Three-dimensional, that is. A layer of schmutz floating around a few feet in front of your nose while a movie plays behind it is not a reasonable simulation of our tactile physical universe. We can sit around arguing about the increasing quality of this floating schmutz in the digital age, but schmutz it remains–distracting bits of pollen hovering around our theaters. For a moment it amazes us, and then we struggle (consciously or not) to ignore it so we can focus on the story.
And the story is at the crux of this. 3D advocates point to early resistance to sound and color in the movies as proof that they are on the right track. But sound and color became crucial elements in cinematic storytelling. We’ve yet to see a 3D film where the floating schmutz is integral to the plot, and which could not be understood if you took the goofy glasses off. 3D is a gimmick, and has been since the days of the drive-in.
Poor Hollywood. The industry’s hopes and dreams were pinned to 3D. It was supposed to be a piracy-resistant bit of spectacle that would levitate teenagers out of their basements, away from their Playstations and smartphones and into movie theatres, where they would gladly pay a hefty surcharge on an already hefty ticket price for an “in-your-face” experience. 3D was also supposed to perpetuate the endless consumer gadget cycle, compelling overcompensating dads to ditch last year’s 52 inch HD LCDs for giant 3DTV flatscreens that let them bring the schmutz home.
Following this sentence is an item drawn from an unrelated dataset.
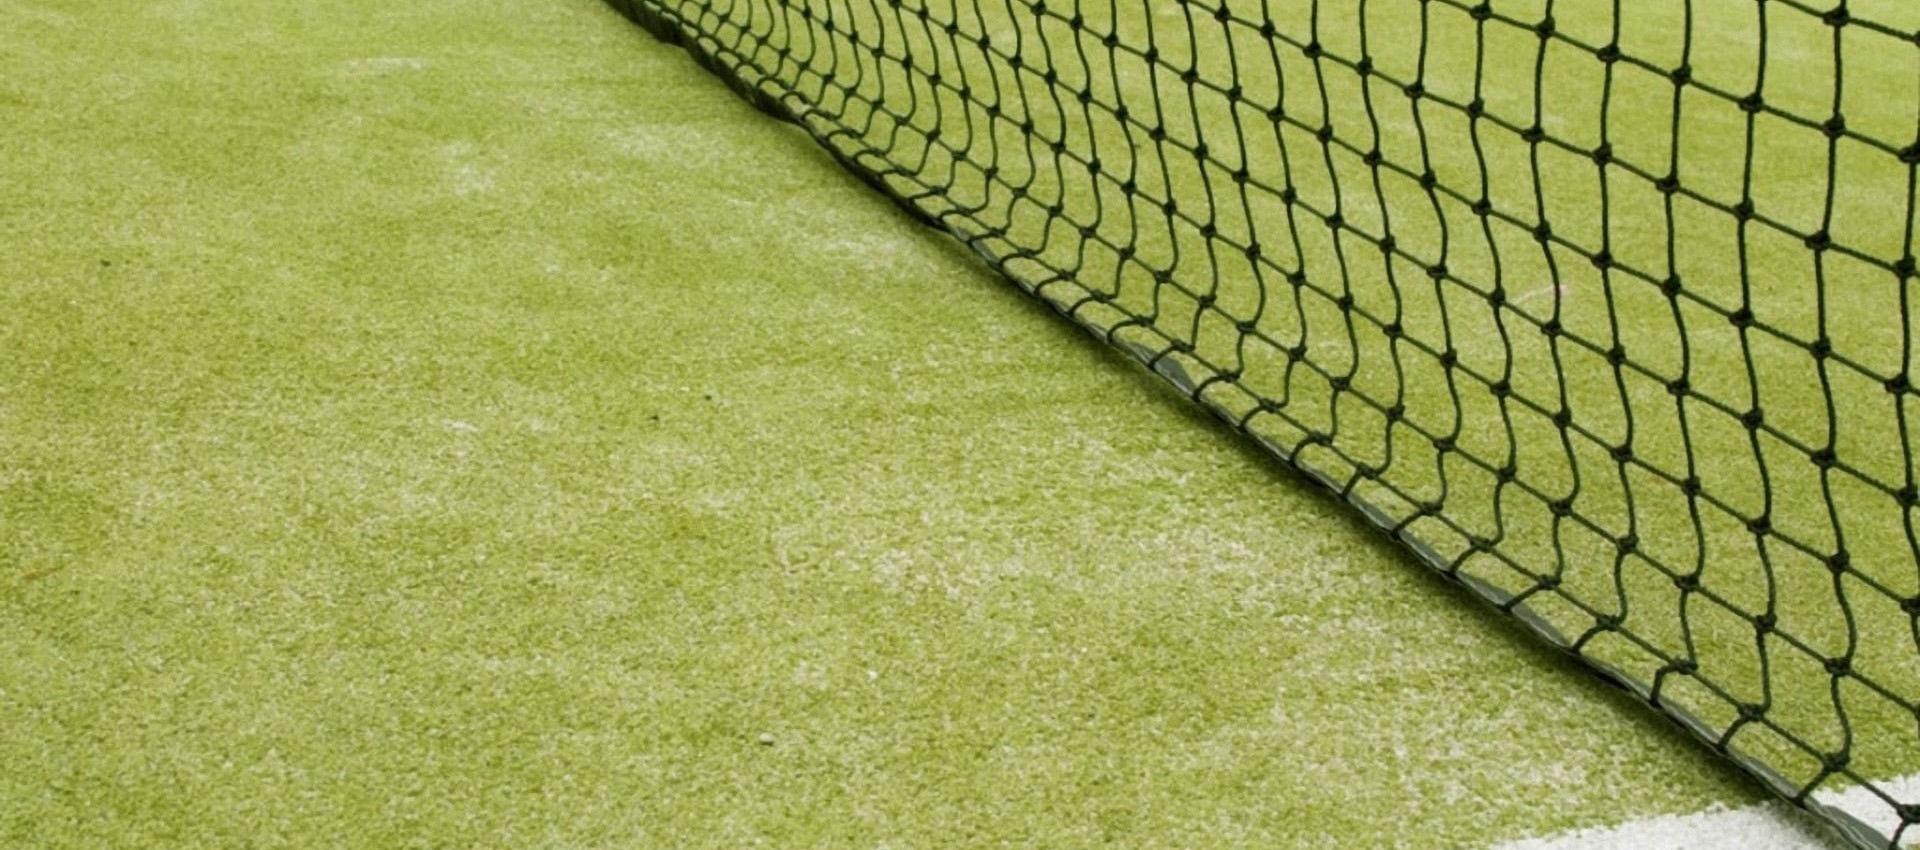 Tennis landing 3330ee9e6ed96337811fbaa82bf6842703dad8f1549efa151e54b6e56efbff6b

This in turn would propel the next wave of physical media sales, wherein we all would dump our DVD (or Bluray) collections at yard sales, replacing each classic flick with a new edition, digitally upschmutzed to 3D. George Lucas was moist with anticipation!
In short, 3D was the last best hope for business as usual in both the entertainment and consumer electronic industries. A couple of years ago at CES, the massive electronics trade show in Vegas, 3DTVs were everywhere. A couple of years ago, Avatar made Hollywood salivate. But as CES 2012 gears up, the reality is sinking in: Consumers don’t really want 3D at home, and Avatar was a one-off. Sports fans are lukewarm on floating balls, and people feel ridiculous wearing those goofy glasses in well-lit living rooms where they can be seen by their friends and families. Even gamers who bought Nintendo 3Ds are tiring of the optical illusion and turning 3D off.
There are still a few (hundred million) bucks more to be squeezed out of 3D before consumers grow completely sick of the experience, so we will surely see a slew of schmutzy pictures in the months and years to come. And of course, there will be an Avatar 2.
But this thing is on the wane, and Hollywood may soon have to resort to actually producing movies people want to see on account of their content.
Or they could just bring back Smell-O-Vision.